4. Transforming, Scaling, and Fitting the Data

Python
Machine Learning
Data Visualization
Published

September 21, 2025

Loading the Data and Setting Up

Now that we’ve explored our data in part 3, we’re ready to build our predictive model. In this section, we’ll transform and scale our features appropriately, then train a model to predict Pokemon card HP values. Lets start by loading the necessary libraries and our processed dataset.

import pandas as pd
from sklearn.model_selection import train_test_split
from sklearn.preprocessing import StandardScaler
from sklearn.compose import ColumnTransformer
from sklearn.feature_extraction.text import TfidfVectorizer
from sklearn.linear_model import Ridge
from sklearn.pipeline import Pipeline
from sklearn.metrics import root_mean_squared_error, mean_absolute_error, r2_score
from sklearn.impute import SimpleImputer

df = pd.read_csv('data/processed_pokemon_cards.csv')

Preparing the Target Variable

First, we need to separate our target variable (hp) from our features. This is what we’re trying to predict.

target = 'hp'
y = df[target]

Feature Selection

Now we need to prepare our feature set. Based on our exploratory data analysis in part 3, I decided to drop total_resistance_multiplier since it had very little variation and didn’t correlate well with HP. We also need to handle any missing text values by filling them with empty strings.

cols_to_drop = ['hp', 'total_resistance_multiplier']
X = df.drop(columns=cols_to_drop)

X['flavorText'] = X['flavorText'].fillna("")
X['ability_text'] = X['ability_text'].fillna("")

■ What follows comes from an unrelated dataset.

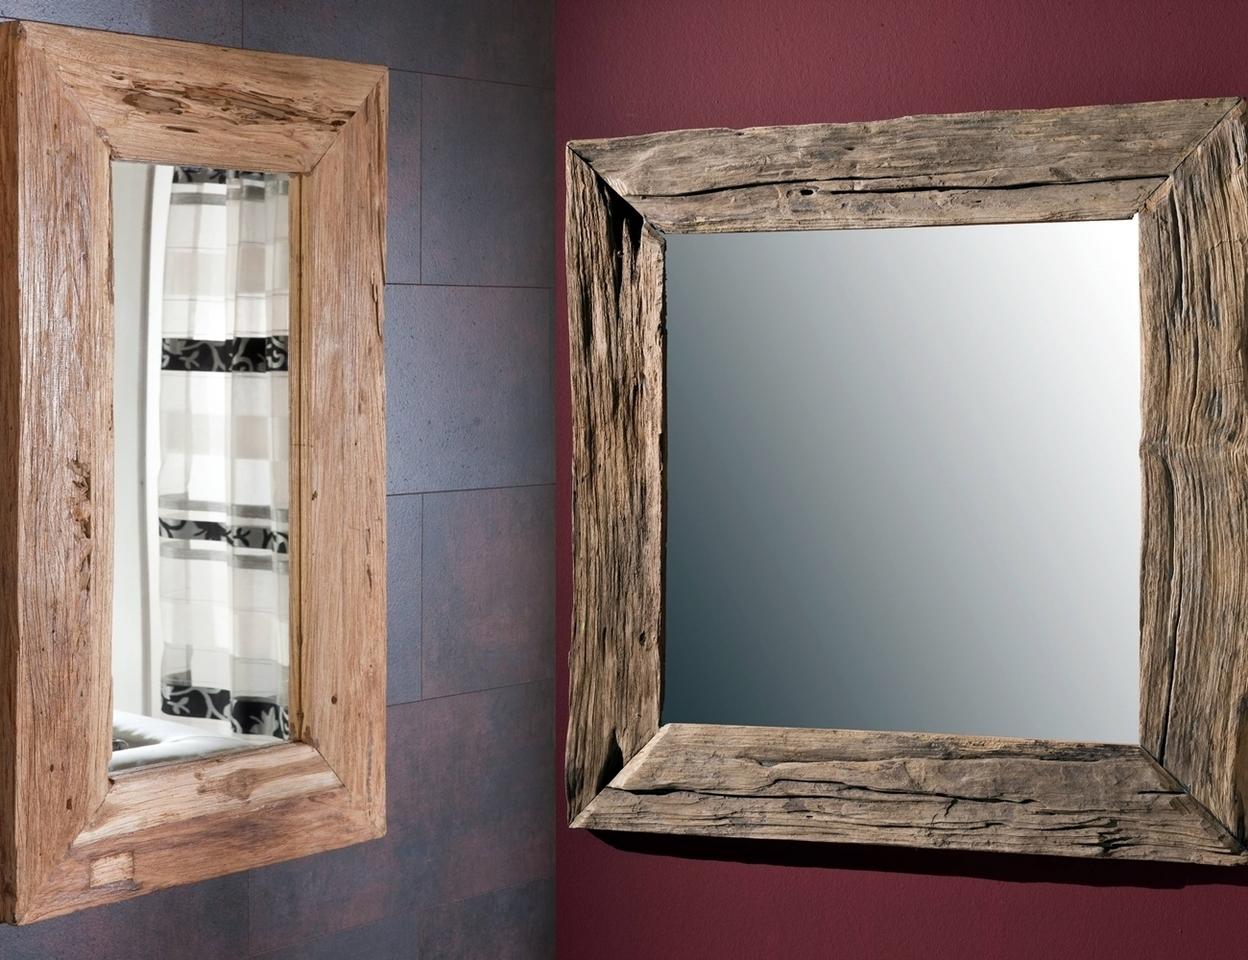 teakholz spiegel unikat von henke g nstig bestellen bei skanm bler. Black Bedroom Furniture Sets. Home Design Ideas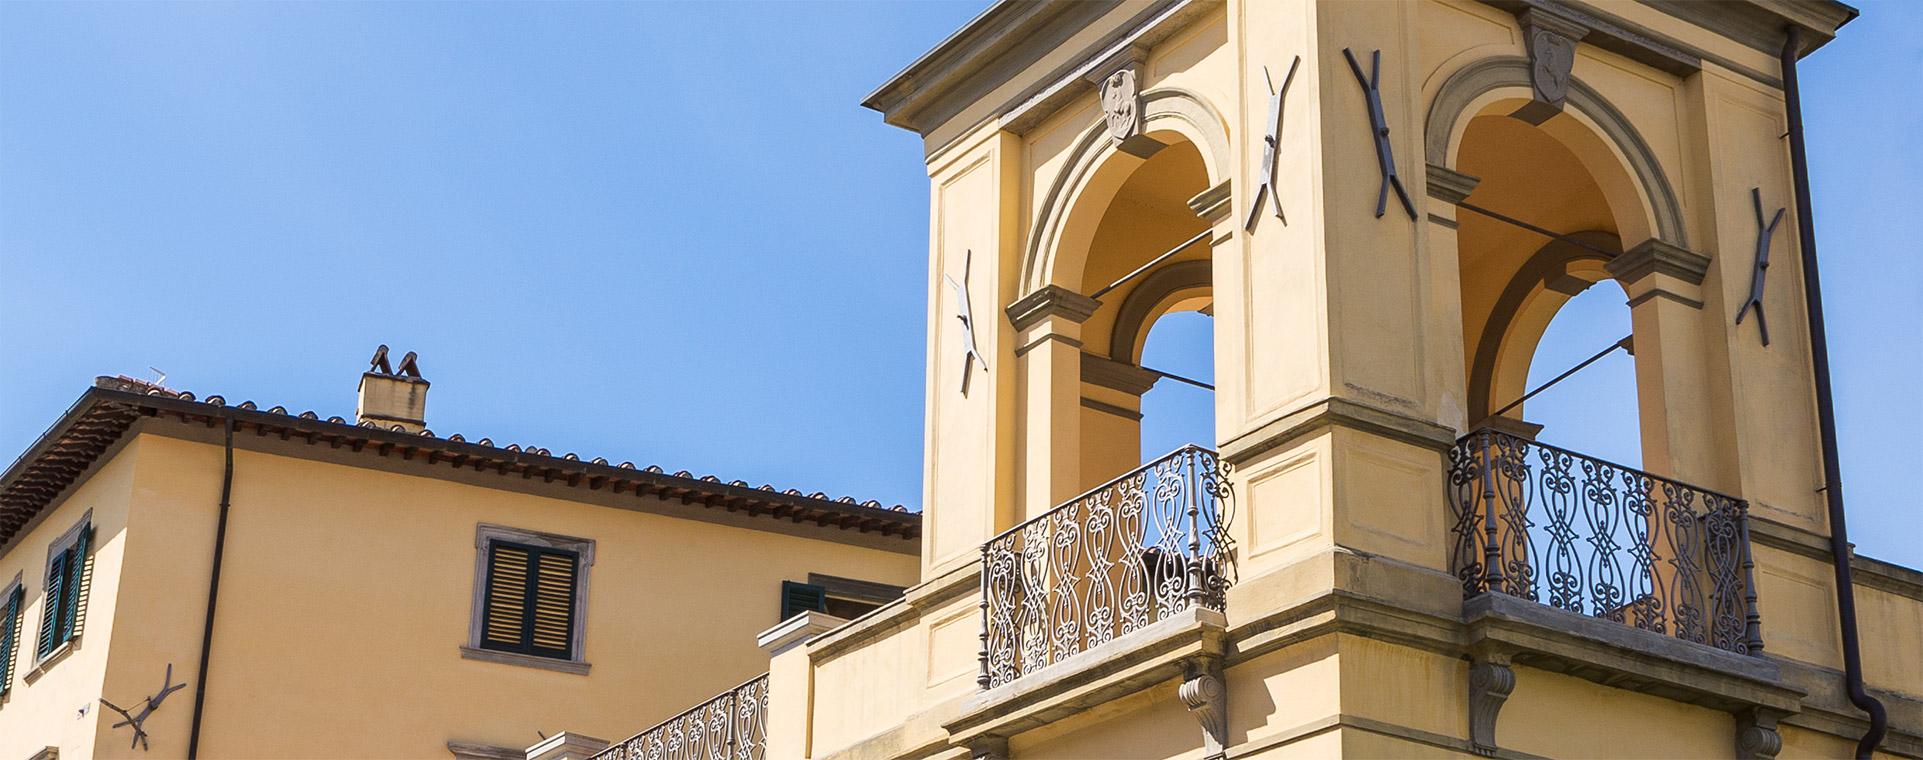 Toscana villa storica in vendita

Categorizing Features by Type

Different types of features need different preprocessing steps. Lets organize our features into three categories: numeric features (need scaling), text features (need TF-IDF vectorization), and binary features (can be used as-is).

numeric_features = [
    'level', 'convertedRetreatCost', 'number', 'primary_pokedex_number',
    'pokemon_count', 'total_weakness_multiplier', 'total_weakness_modifier',
    'total_resistance_modifier', 'pokedex_frequency', 'artist_frequency',
    'ability_count', 'attack_count', 'max_damage', 'attack_cost'
]

text_features = ['flavorText', 'ability_text']

binary_features = [
    col for col in X.columns if col not in numeric_features and col not in text_features
]

print(f"Numeric features: {len(numeric_features)}")
print(f"Text features: {len(text_features)}")
print(f"Binary features: {len(binary_features)}")
Numeric features: 14
Text features: 2
Binary features: 93

We can see that we have 14 numeric features, 2 text features, and many binary features (mostly from our one-hot encoding in part 2).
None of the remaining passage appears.